Goodbye, G Suite. Hello, Another Google Plan for the Workplace.

Alphabet Inc.’s Google is renaming its bundle of productivity tools and adding more features, another effort to recruit corporate customers for the company’s cloud business.

Bloomberg News

October 6, 2020

1 Min Read
Goodbye, G Suite. Hello, Another Google Plan for the Workplace.

(Bloomberg) -- Alphabet Inc.’s Google is renaming its bundle of productivity tools and adding more features, another effort to recruit corporate customers for the company’s cloud business.

The package of services that include Google’s email, documents and video chat are now called Google Workspace, the company announced Tuesday. It was known as G Suite, a name adopted in 2016.

Despite owning wildly popular free products, like Gmail, Google has frequently shifted the names and strategies for its productivity services, which compete with Microsoft Corp. and other enterprise software companies. Google’s latest effort is to merge its offerings more closely together. For instance, it recently integrated the video service, Meet, into Gmail.

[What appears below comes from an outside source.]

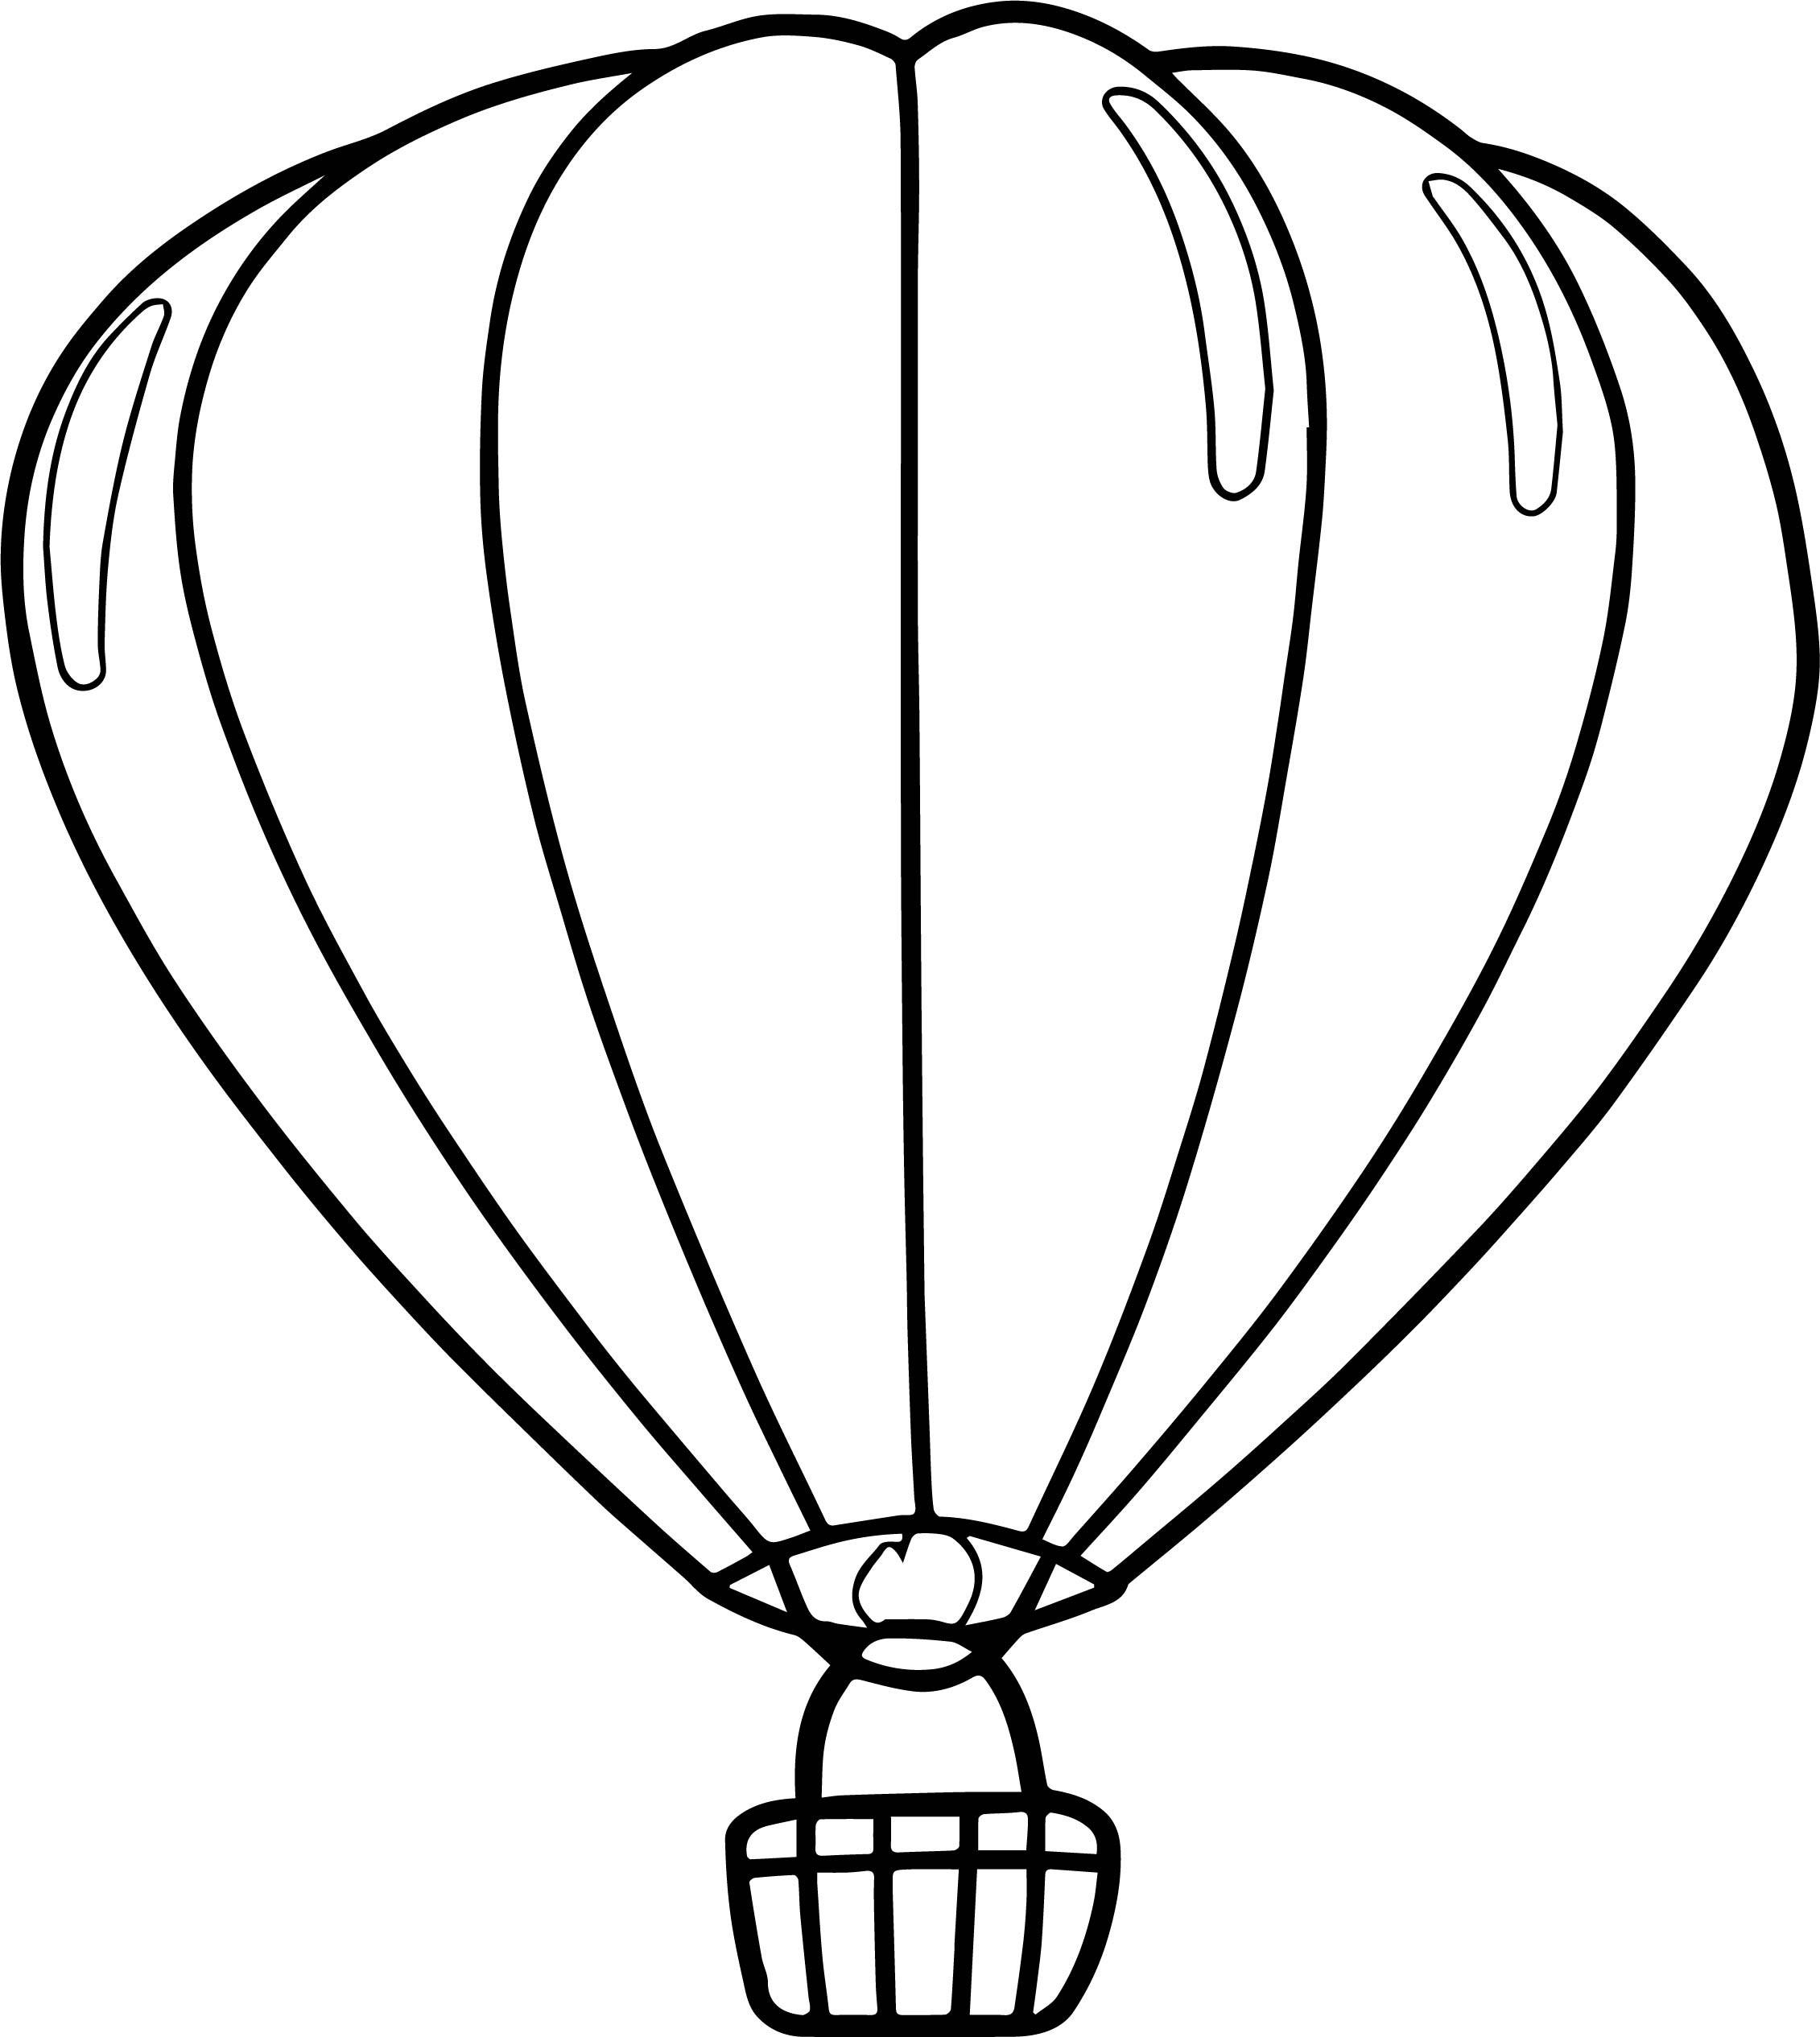 2261x2531 Drawings Of Hot Air Balloons Photo Album
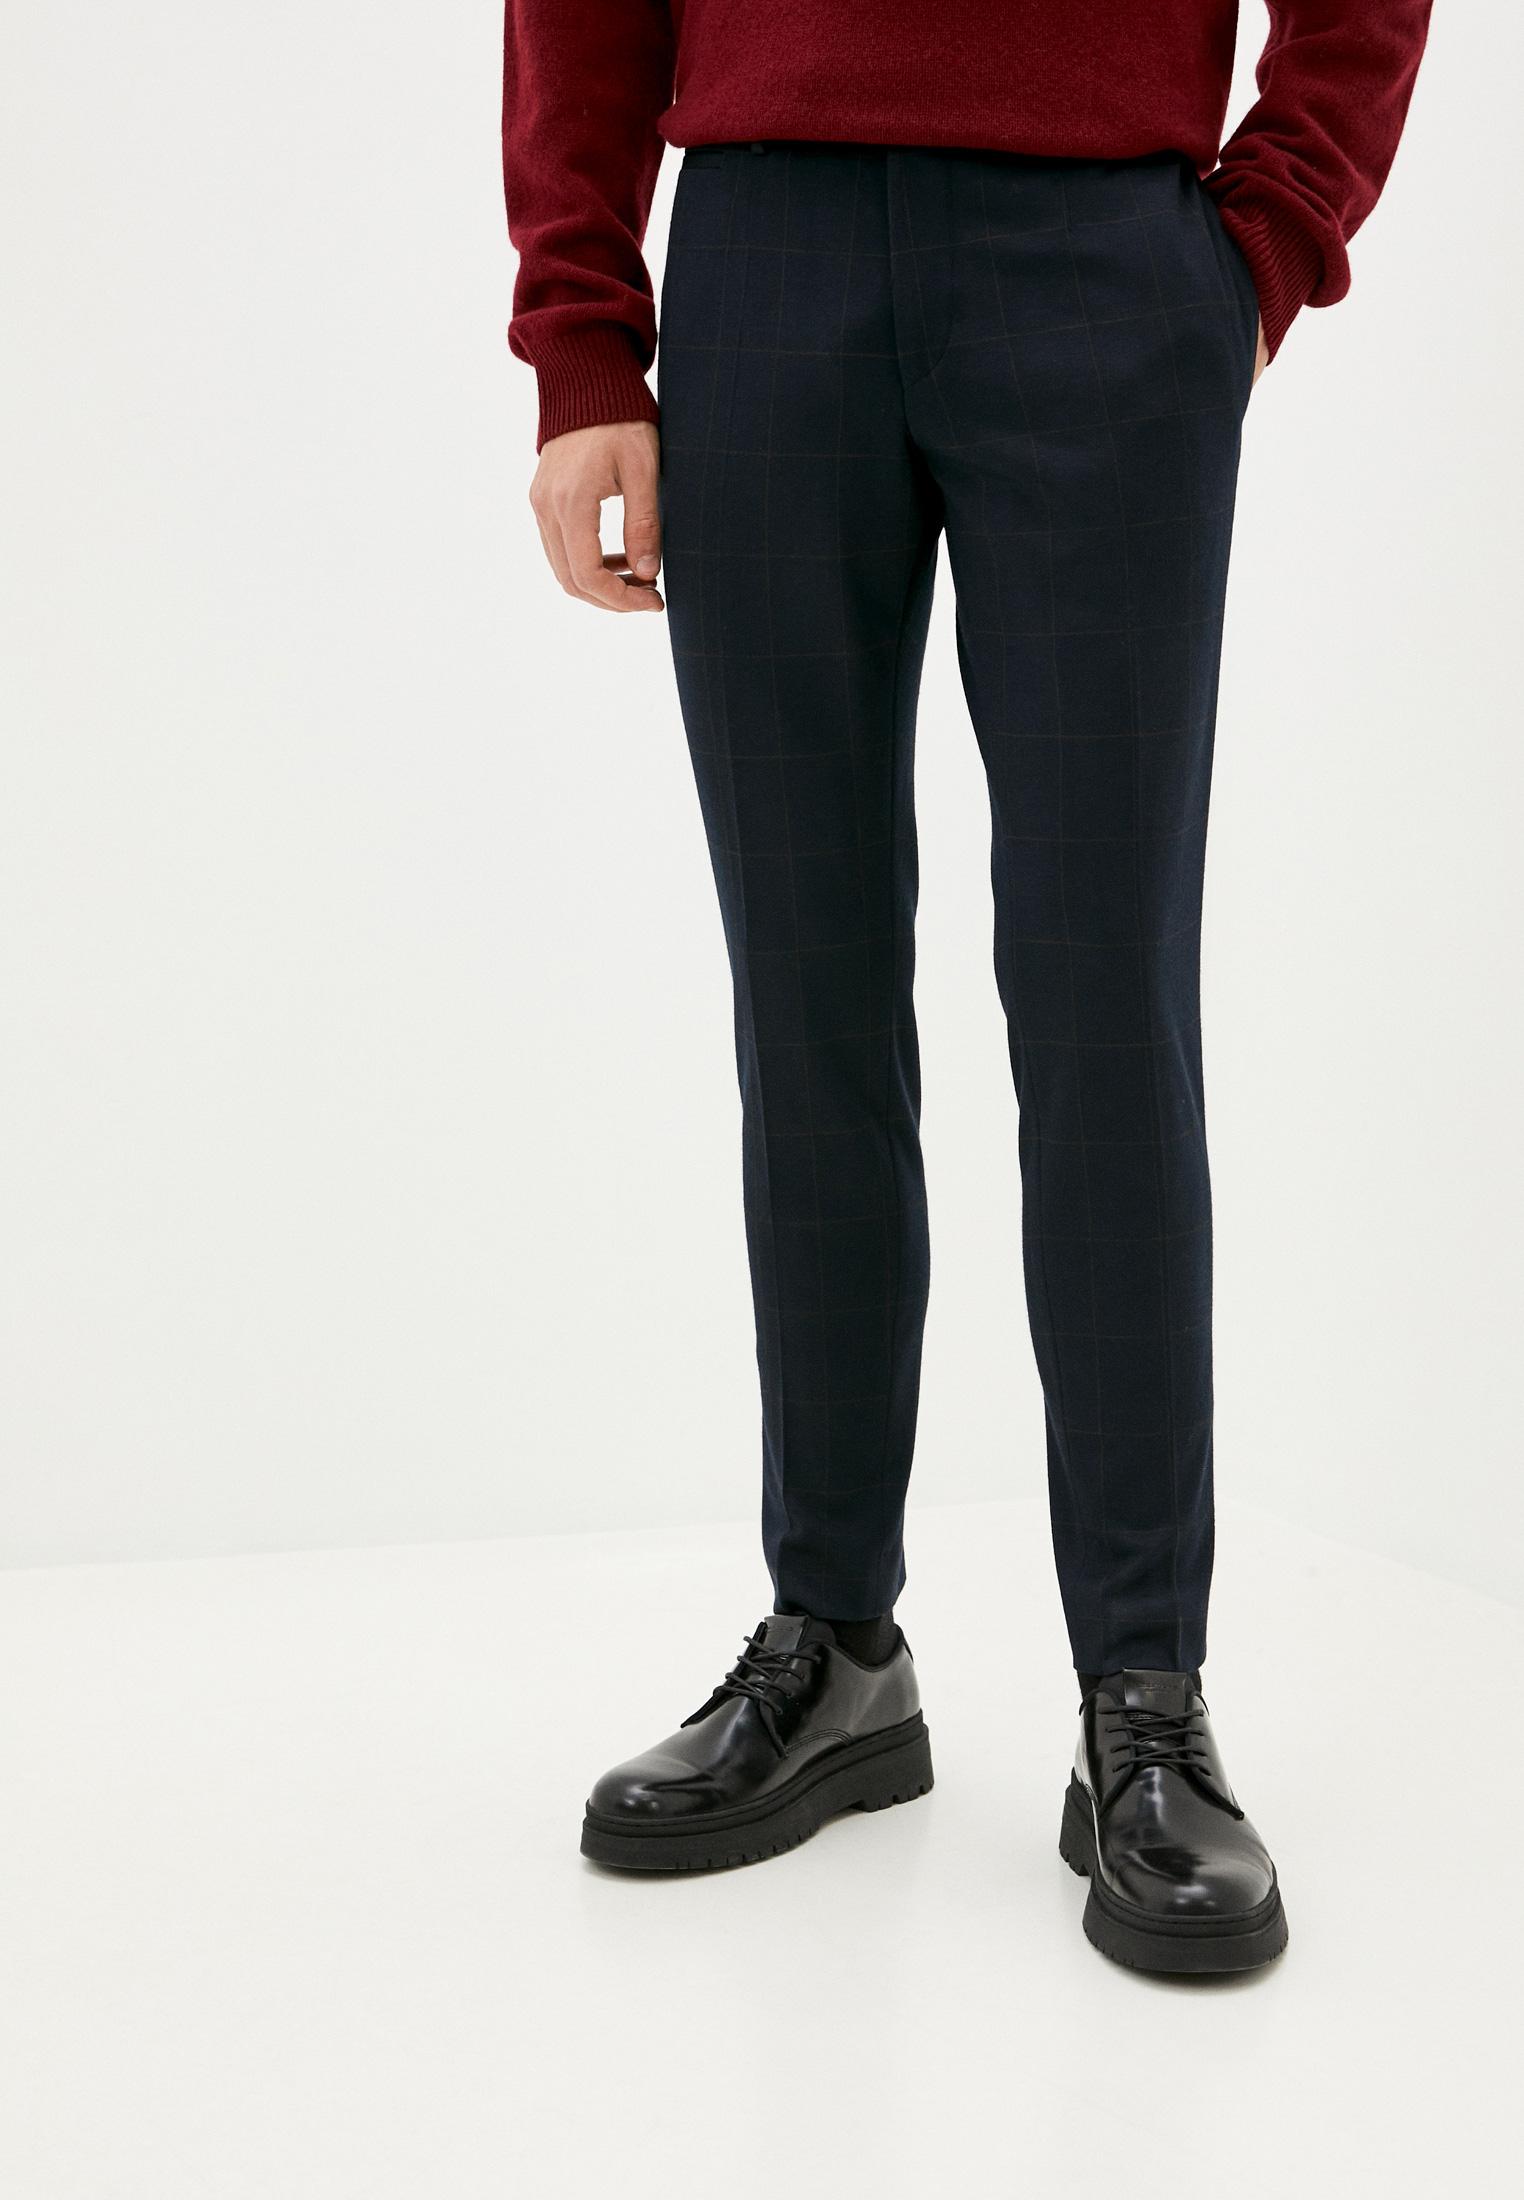 брюки мужские 2021 на свадьбу

Now, Google is introducing a feature that lets people use Meet while collaborating on online documents.

“We have more opportunity to blend experiences,” Javier Soltero, the Google vice president leading the division, said on a call with reporters about the re-branding.

Google has faced criticism for using its popular services to promote its video app, a rival to Zoom Video Communications Inc. and Microsoft’s Teams. Like Zoom, Google has seen a significant increase with the shift to remote work during the pandemic. It now has over 2.6 billion users of its productivity tools -- which include the free, business and education accounts. In March, Google reported crossing 2 billion monthly active users.

The company is also adding new pricing tier for its paid version: an $18 a month tier with more security features. Other prices will not change and existing contracts are not affected, the company said.

In March, Google surpassed 6 million companies that pay monthly for its collaboration suite. The company didn’t update that figure on Tuesday and still doesn’t disclose sales.